__Collected material__

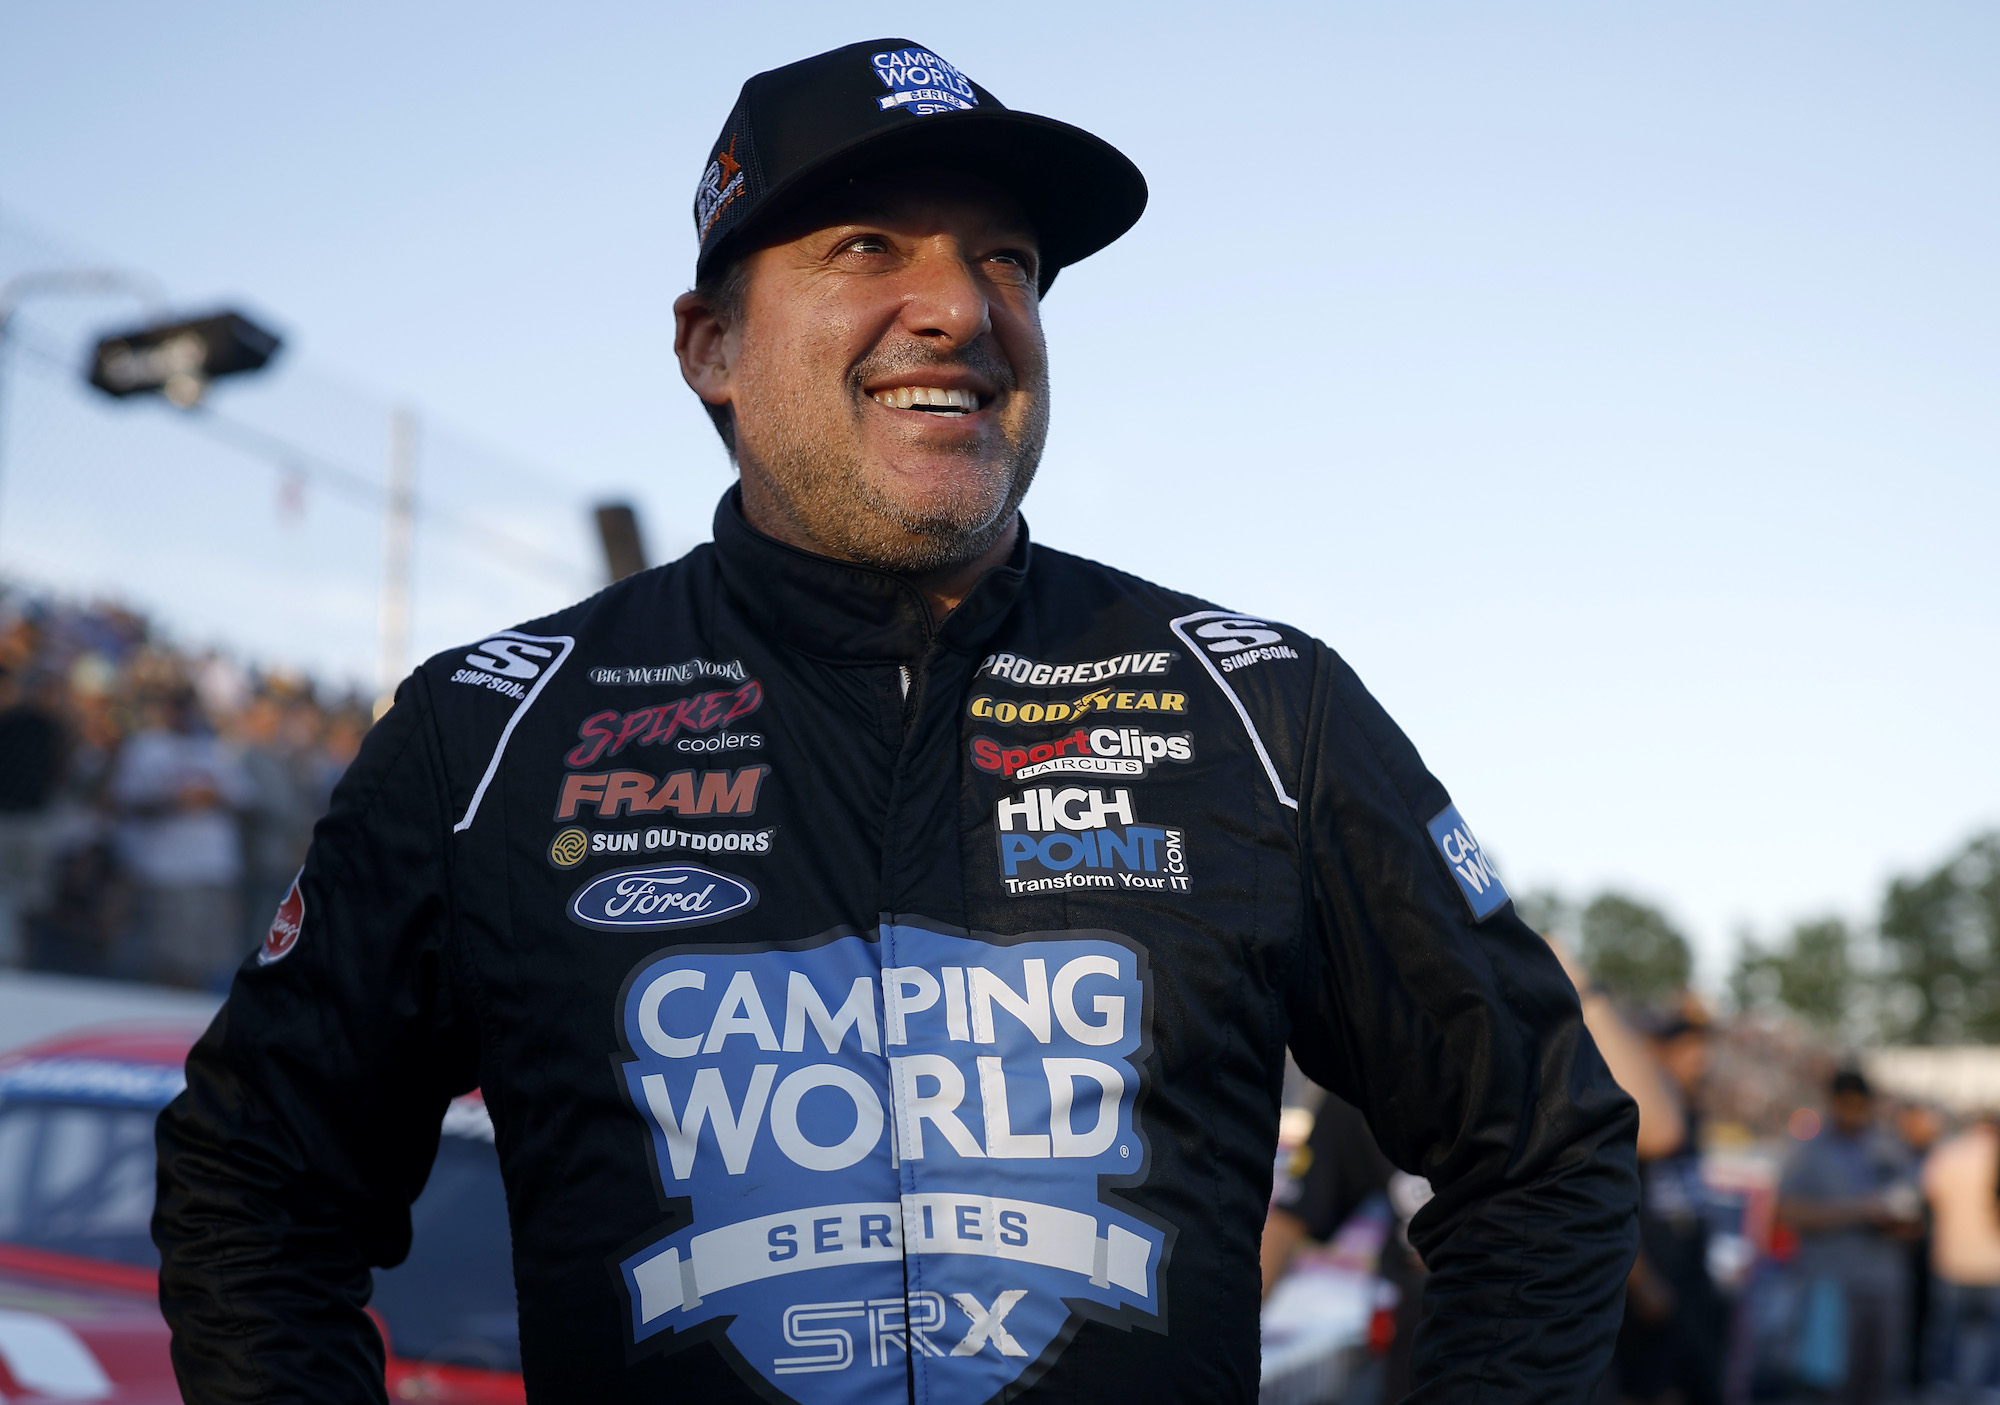 The Driver Who an Angry Tony Stewart Berated on National Television a Few Weeks Ago Returns to SRX This Weekend
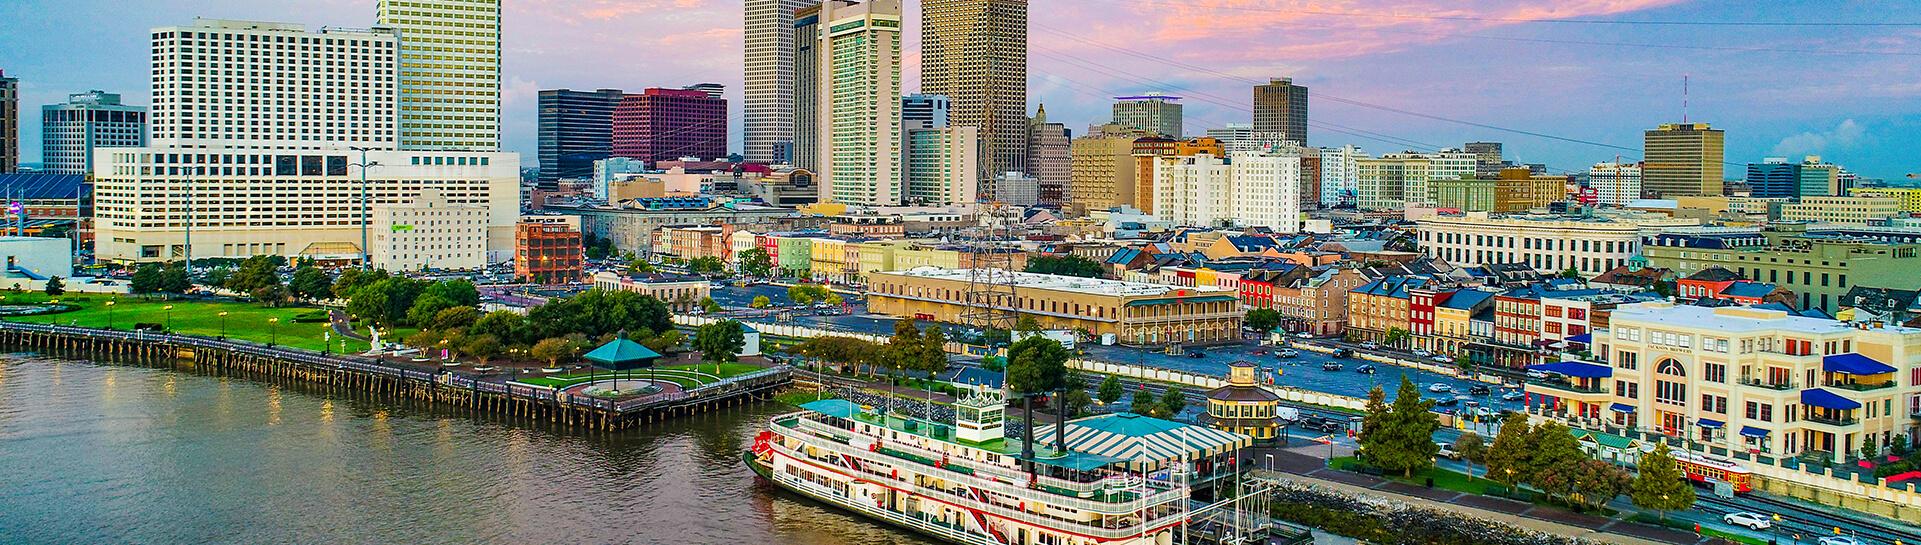 The French Quarter in New Orleans
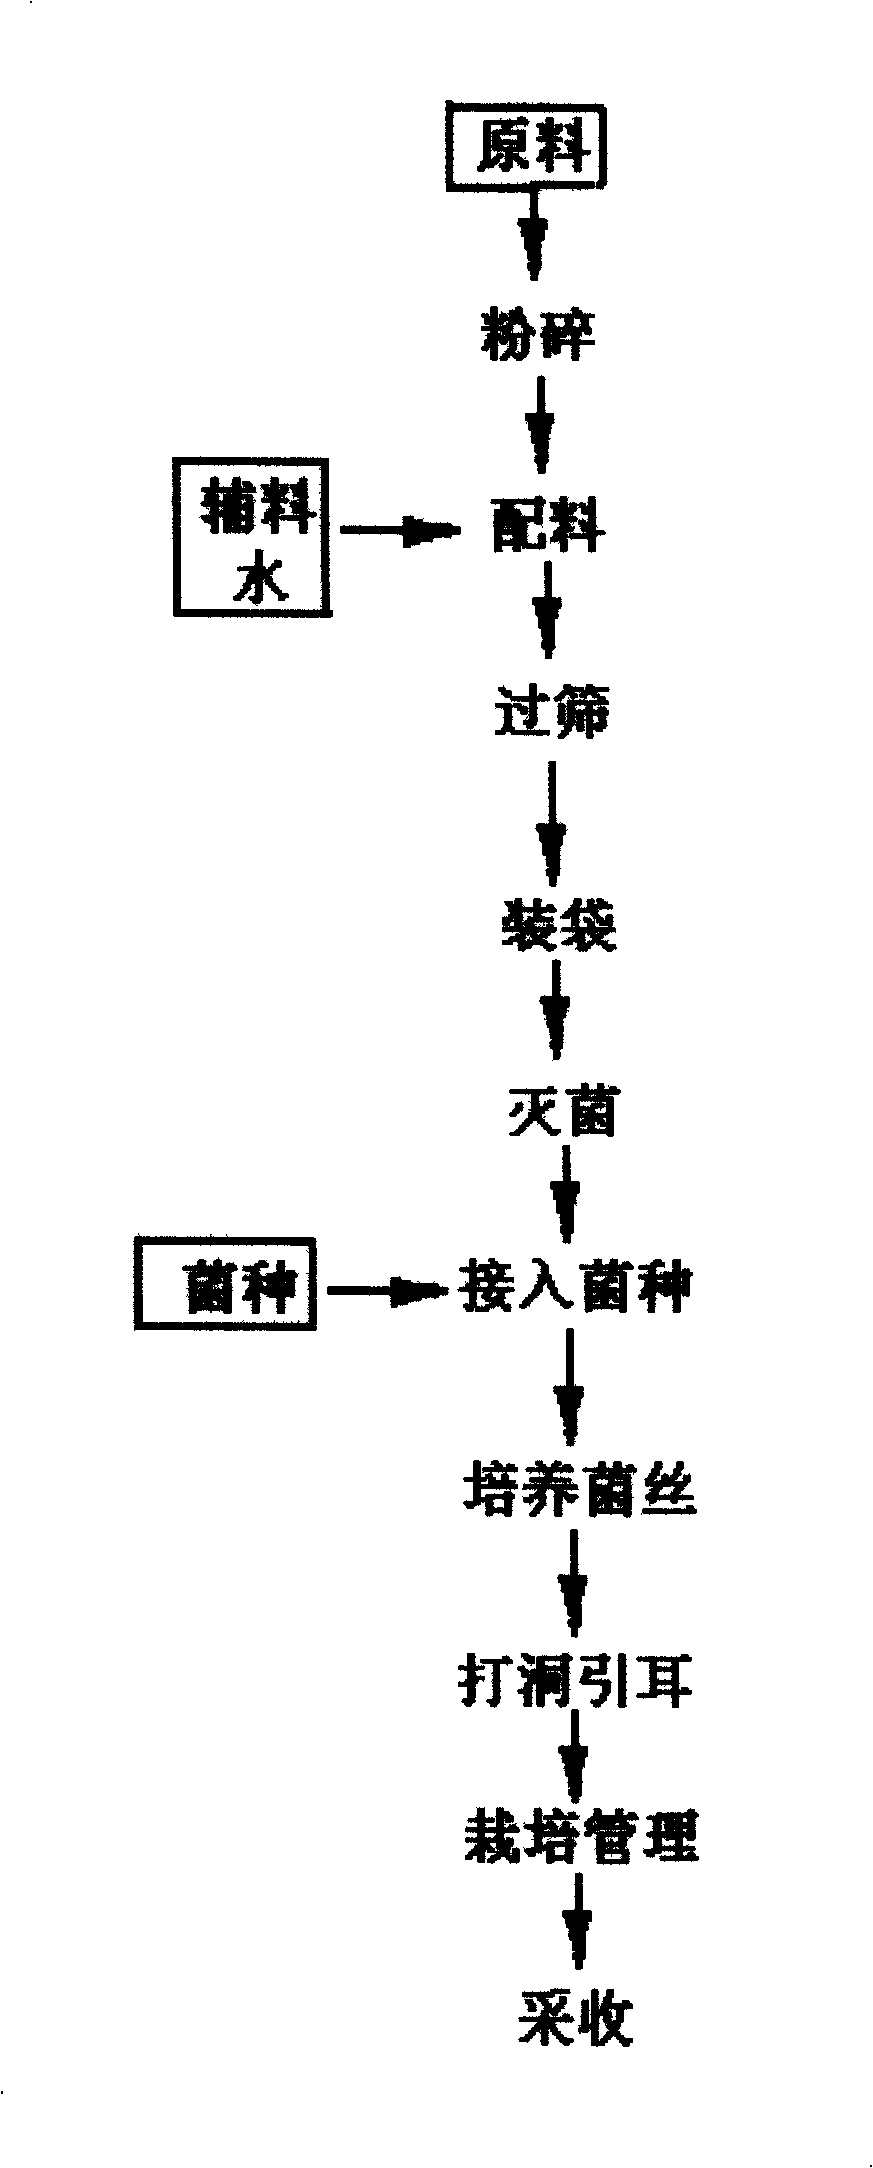 Method for cultivating black edible fungus using kailyard stalk
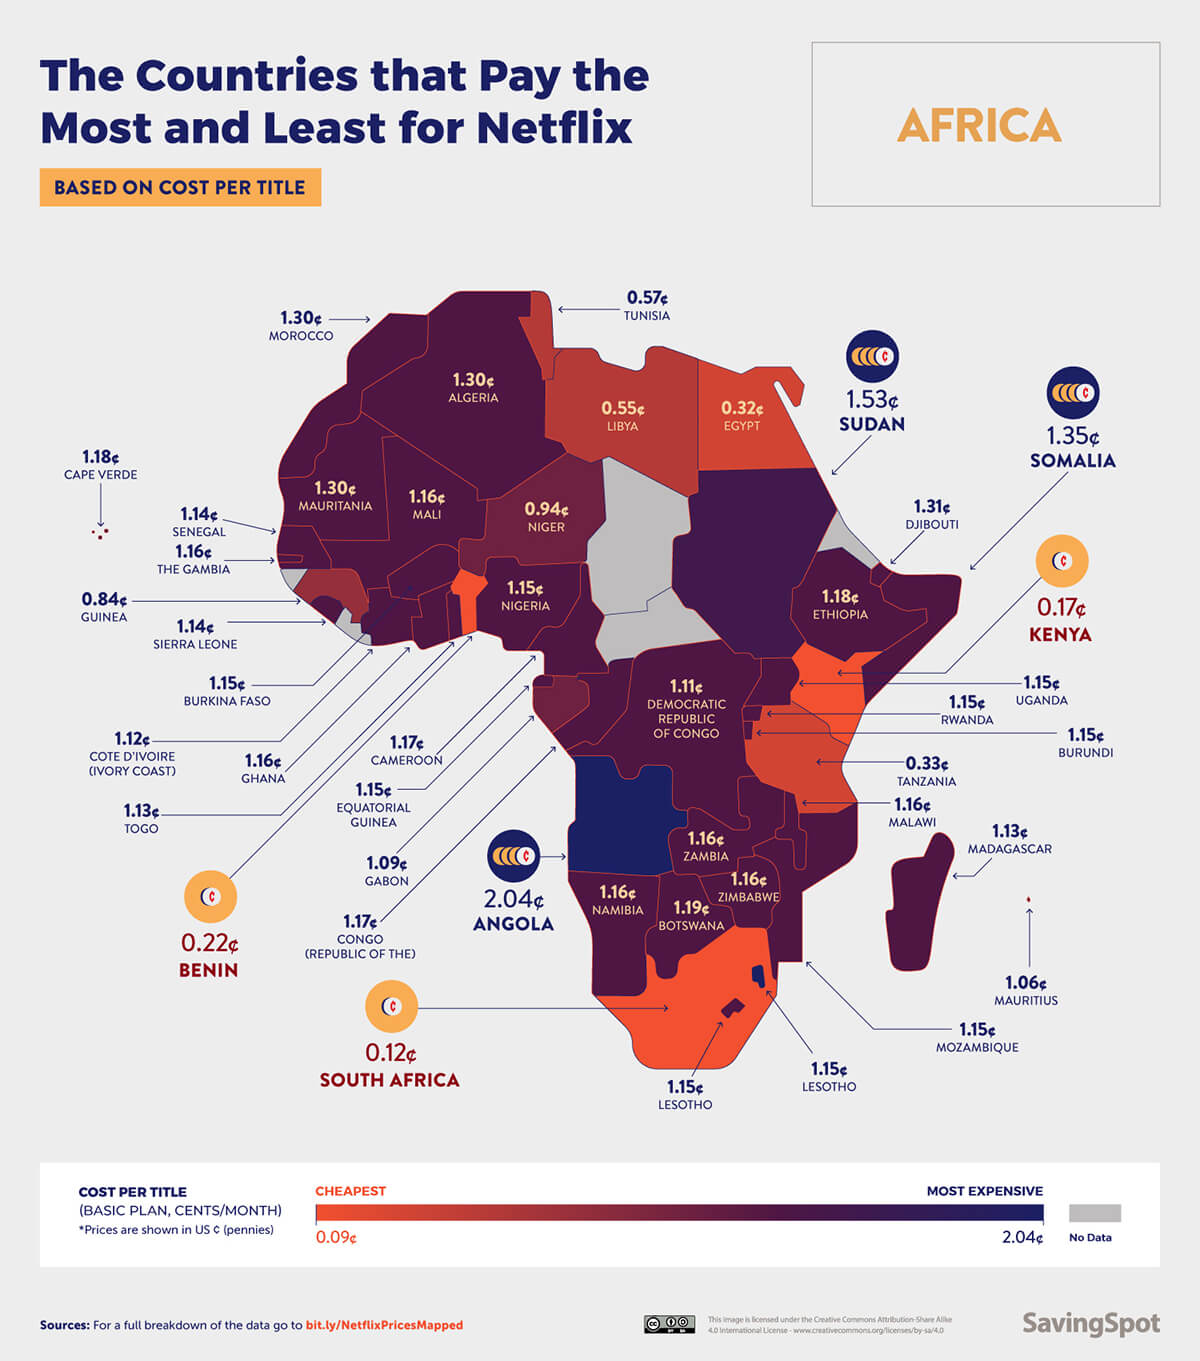 The Cost-per-title of Netflix in Africa

__Instructions to follow__
Without including any picture, set down the listing above exactly as it appears.

__Your solution__
 The Driver Who an Angry Tony Stewart Berated on National Television a Few Weeks Ago Returns to SRX This Weekend
 The French Quarter in New Orleans
 Method for cultivating black edible fungus using kailyard stalk
 The Cost-per-title of Netflix in Africa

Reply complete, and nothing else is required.